[Aim of the exercise]
Report each line of the data that includes the word "Stock".

[Data supplied]
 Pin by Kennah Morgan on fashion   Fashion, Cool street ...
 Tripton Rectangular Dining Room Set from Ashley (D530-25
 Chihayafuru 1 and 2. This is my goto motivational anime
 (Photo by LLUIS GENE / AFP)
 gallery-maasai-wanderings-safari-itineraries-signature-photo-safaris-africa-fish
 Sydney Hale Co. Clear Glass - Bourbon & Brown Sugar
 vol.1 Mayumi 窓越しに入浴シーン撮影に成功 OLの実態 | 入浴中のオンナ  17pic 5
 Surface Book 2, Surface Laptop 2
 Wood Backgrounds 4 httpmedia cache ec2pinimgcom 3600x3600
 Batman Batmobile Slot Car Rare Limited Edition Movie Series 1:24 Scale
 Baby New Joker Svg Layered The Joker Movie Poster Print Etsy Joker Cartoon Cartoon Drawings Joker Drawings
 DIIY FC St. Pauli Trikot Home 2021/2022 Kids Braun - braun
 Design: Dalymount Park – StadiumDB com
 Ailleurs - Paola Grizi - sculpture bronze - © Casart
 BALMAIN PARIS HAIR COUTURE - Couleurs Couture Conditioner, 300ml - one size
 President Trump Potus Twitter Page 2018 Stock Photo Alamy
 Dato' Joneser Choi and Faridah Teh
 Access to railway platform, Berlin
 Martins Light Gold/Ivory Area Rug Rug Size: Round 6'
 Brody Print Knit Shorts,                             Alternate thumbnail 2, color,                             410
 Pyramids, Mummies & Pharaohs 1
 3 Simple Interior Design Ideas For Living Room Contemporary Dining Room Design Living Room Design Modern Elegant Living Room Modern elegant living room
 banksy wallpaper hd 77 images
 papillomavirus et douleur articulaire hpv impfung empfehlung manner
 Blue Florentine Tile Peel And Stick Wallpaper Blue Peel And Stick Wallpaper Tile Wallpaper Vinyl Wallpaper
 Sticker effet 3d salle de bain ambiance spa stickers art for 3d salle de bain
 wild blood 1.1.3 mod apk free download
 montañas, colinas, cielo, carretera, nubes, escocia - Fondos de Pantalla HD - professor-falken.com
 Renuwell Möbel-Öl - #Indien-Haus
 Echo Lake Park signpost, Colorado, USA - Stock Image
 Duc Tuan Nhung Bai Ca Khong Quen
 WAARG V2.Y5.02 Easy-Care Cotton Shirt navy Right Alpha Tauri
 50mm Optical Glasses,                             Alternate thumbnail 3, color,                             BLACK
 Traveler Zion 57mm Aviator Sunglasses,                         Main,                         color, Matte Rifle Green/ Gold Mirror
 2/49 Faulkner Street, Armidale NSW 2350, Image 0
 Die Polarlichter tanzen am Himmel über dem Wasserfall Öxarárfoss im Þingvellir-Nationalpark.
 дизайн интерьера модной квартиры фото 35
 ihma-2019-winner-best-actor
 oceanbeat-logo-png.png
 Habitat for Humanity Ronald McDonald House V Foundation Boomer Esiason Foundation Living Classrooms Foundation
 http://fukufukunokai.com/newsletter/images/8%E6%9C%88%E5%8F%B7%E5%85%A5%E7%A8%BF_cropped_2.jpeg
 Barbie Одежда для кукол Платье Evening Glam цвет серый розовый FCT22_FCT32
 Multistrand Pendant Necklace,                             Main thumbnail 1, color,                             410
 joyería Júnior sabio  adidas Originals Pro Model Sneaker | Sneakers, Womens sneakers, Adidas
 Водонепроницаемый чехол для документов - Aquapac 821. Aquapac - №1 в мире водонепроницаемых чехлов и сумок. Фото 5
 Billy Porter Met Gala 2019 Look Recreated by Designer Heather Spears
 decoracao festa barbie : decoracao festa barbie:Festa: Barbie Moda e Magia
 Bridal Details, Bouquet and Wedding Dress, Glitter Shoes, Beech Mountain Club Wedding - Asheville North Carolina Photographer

[Task output]
 President Trump Potus Twitter Page 2018 Stock Photo Alamy
 Echo Lake Park signpost, Colorado, USA - Stock Image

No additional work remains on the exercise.